Godard, c’est la forme et le fond réunis dans un tourbillon qui emmène le spectateur dans des abîmes insoupçonnés, sorte de fosse des Mariannes cinématographique qu’il est le seul à oser explorer. Ça fuse de tous les côtés, entre dialogues anodins, réflexions en tout genre, citations et aphorismes. Dans Adieu au langage, on parle peinture et littérature, on met en parallèle, comme ça, au passage, l’invention de la télévision et l’accession au pouvoir de Hitler. «Si vous ne savez pas, pas la peine d’aller sur Google», dit un personnage, fustigeant ouvertement une époque où les intellectuels sont perdus au milieu des connectés dont le savoir est réduit à néant dès que les batteries de leur smartphone sont à plat. Les hommes sont égaux dans le caca, entend-on encore, avant d’apprendre que le chien est le seul être qui vous aime plus qu’il ne s’aime lui-même.
Machine à pensées
Il n’est pas inutile de revoir le film en DVD après l’avoir découvert en salle dans le format voulu par le maître. Débarrassé en quelque sorte du contenant, de la virtuosité technique, même si la force plastique des images reste la même, on peut se concentrer sur le contenu. Véritable machine à produire de la pensée, Godard est capable de passer de l’engouement du public pour le Tour de France à la Terreur, de Roxy, le chien de sa compagne Anne-Marie Miéville, à Mary Shelley et Lord Byron. Adieu au langage? Non, c’est plutôt la toute-puissance des mots que célèbre le cinéaste.

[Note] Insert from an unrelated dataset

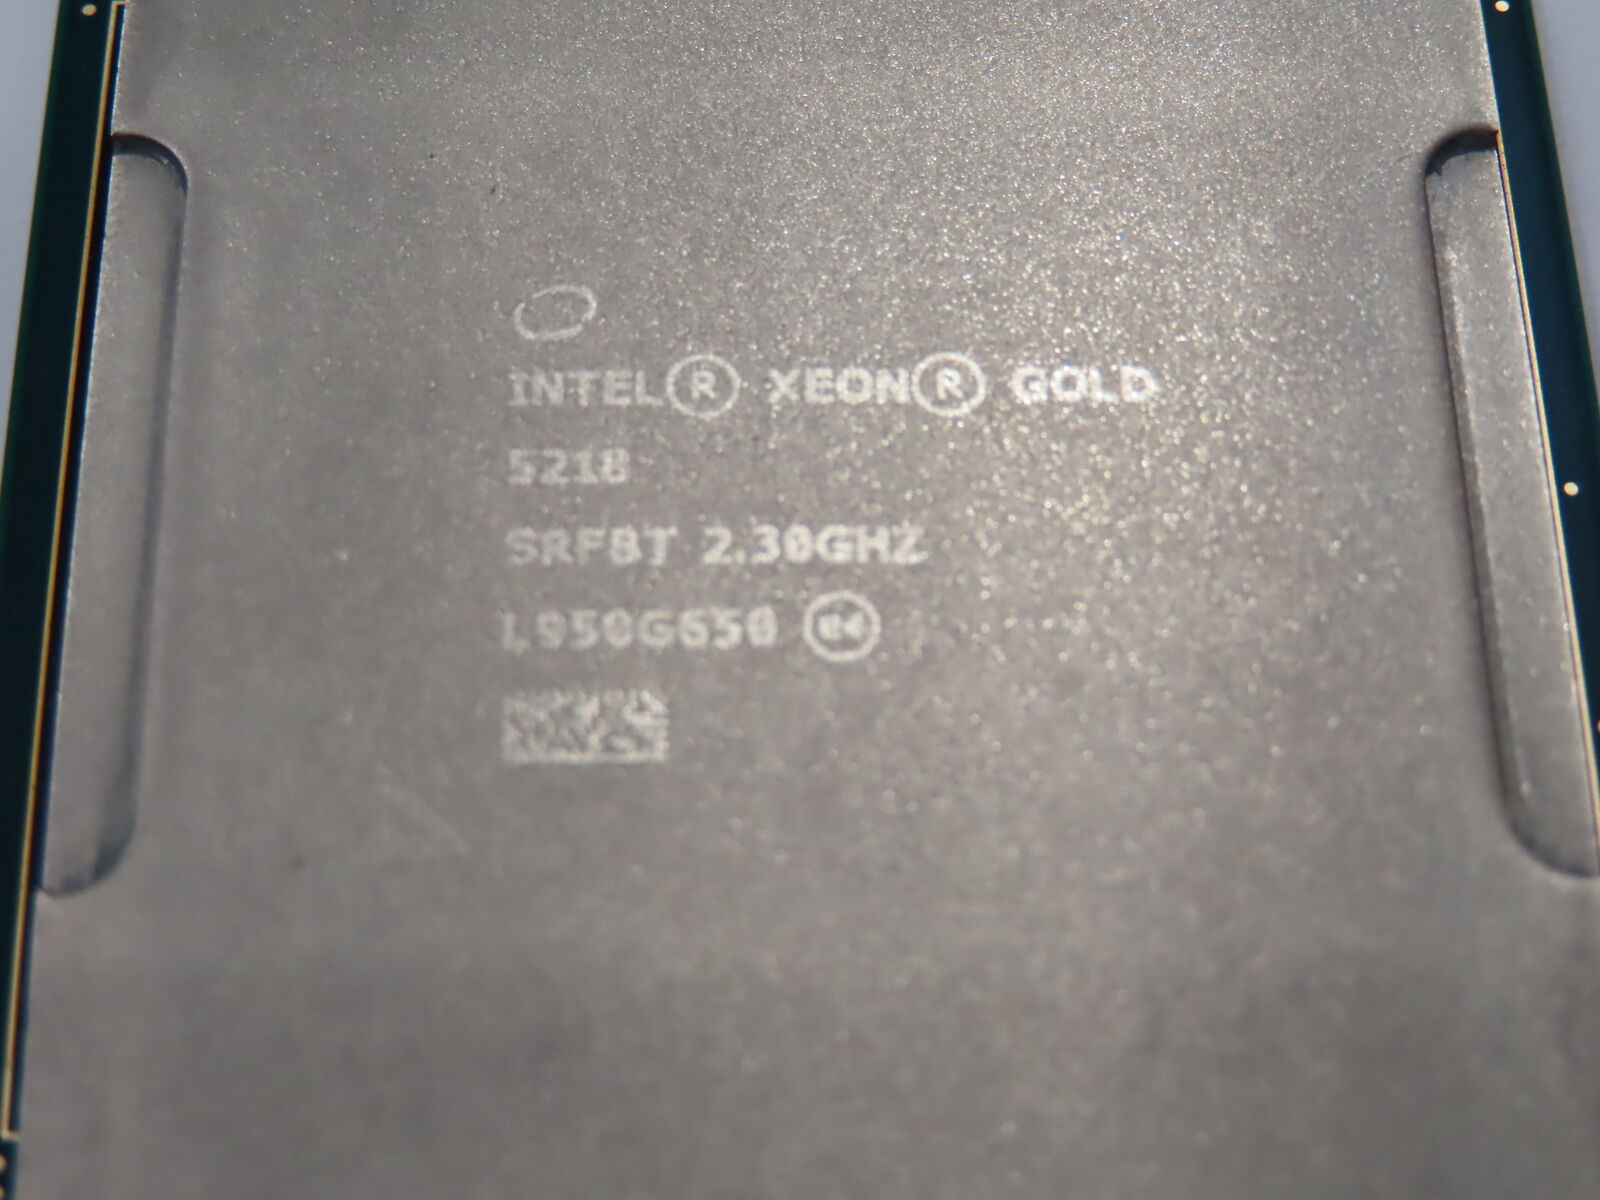 Intel Xeon Gold 5218 2.3GHZ 16-Core CPU / PROCESSOR ____ SRFBT

«Adieu au langage». De Jean-Luc Godard. Avec Héloïse Godet et Kamel Abdelli. France, 1 h 10. A voir à La Chaux-de-Fonds, au cinéma ABC, en 3D. Dimanche 11 janvier, à 17 h 30, rencontre avec Fabrice Aragno, assistant et chef opérateur de Jean-Luc Godard. DVD disponible, en 2D ou Blu-ray 3D, chez Wilde Side.